Although Medicare had been reimbursing for the cell culture drug “resistance” part of the tests since 2000, it wasn’t until the beginning of 2006 that they abandoned the artificial distinction between “resistance” testing and “sensitivity” testing and provided coverage for the whole FDA-approved kit. Their decision had been made that the assay is a perfectly appropriate medical service, worthy of coverage on a non-investigational basis.

Until Palmetto GBA came along in 2010!

Even though the new Medicare contractor, Palmetto GBA, arbitrarily reversed positions to reimburse the assays, the previous CMS administrator for Medicare, NHIC, let the cat out of the bag. They cannot try to put it back in. Previous Medicare contractors for California made the determination that chemoresponse assays qualified as a Medicare covered service, with the decision that the assays were a perfectly appropriate medical service, worthy of coverage on a "non-investigational" basis. Too many patients know about something the cancer establishment tried to keep under a breadbox for too many years.

It was Medicare contractor Palmetto GBA, which is a subsidiary of Blue Cross/Blue Shield of South Carolina, that provides coverage for several states, unexpectedly posted a notice on its web site that it would no longer pay for Roche's Avastin medication for treating breast cancer after January 29, 2010. But Palmetto GBA did an embarassing about face and rescinded its decision.

Palmetto GBA also provides coverage in Ohio, West Virginia, Nevada, California and Hawaii, apparently acted too hastily.
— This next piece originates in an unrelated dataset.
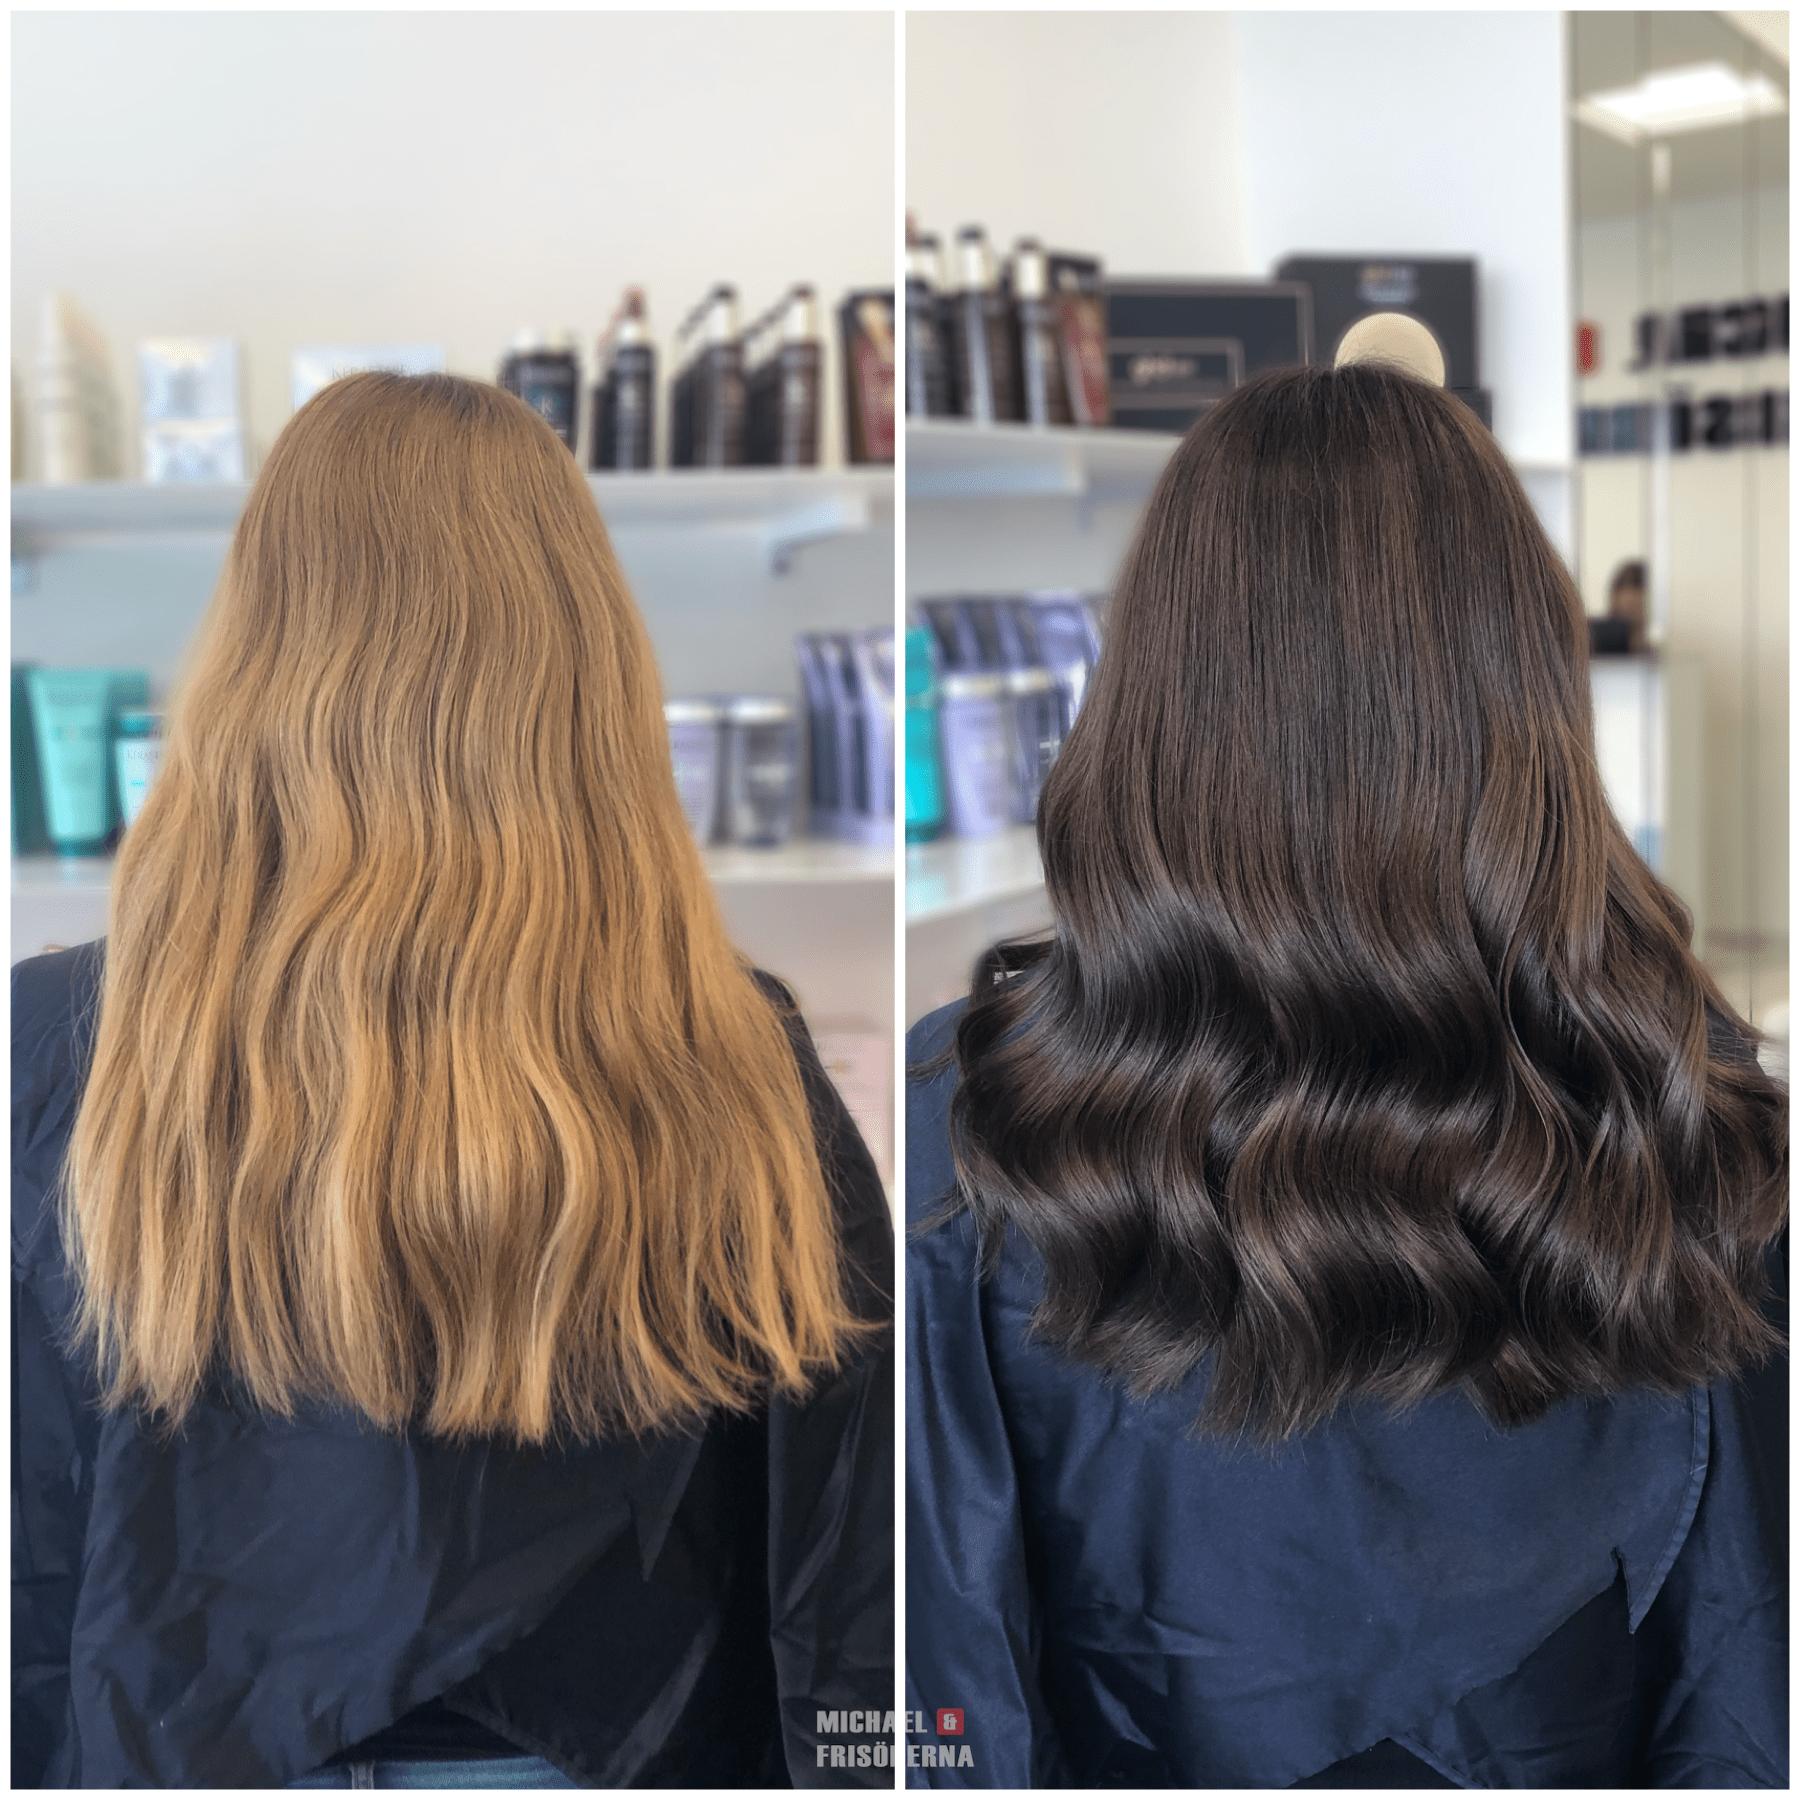 Brun hårfärg

Some have said that Palmetto did not go through the usual motions before posting its decision, which was quickly scrubbed from its web site, and allow for public comment. And its action annoyed officials at the Centers for Medicare & Medicaid Services (CMS), since Roche's Genentech unit is appealing the decision by the FDA, which assured patients that Medicare would continue to cover Avastin while the appeals process played out.

Did Palmetto's indiscriminate action, without having an extensive, transparent tech assessment of the evidence annoy officials at CMS? No! Did Palmetto GBA do an embarassing about face and rescind its decision? No! CMS allowed Palmetto GBA to arbitrarily and capriciously stop reimbursements to cancer patient services. Business is business, but at a certain point, business is also about people and cancer business is about cancer patients.

It looks like Novitas Solutions, Inc. (formerly Highmark Medicare Services) has arbitrarily made the decision, like Palmetto, GBA did in California, to discontinue Medicare payment for chemoresponse assays done in Pennsylvania.

The rationale for the non-coverage decision is totally bogus. It's a shame.

According to this same Dr. Scott Gottlieb, former senior official at CMS, CMS doesn't have a single oncologist on staff, yet since the year 2000, they've issued 165 restrictions and directives on the use of cancer drugs and diagnostic tools. And CMS has radically expanded its authorization for use of cancer drugs by putting off-label decision making in the hands of compendia writers in the private sector, many of whom are on the payrolls of the companies that make the drugs.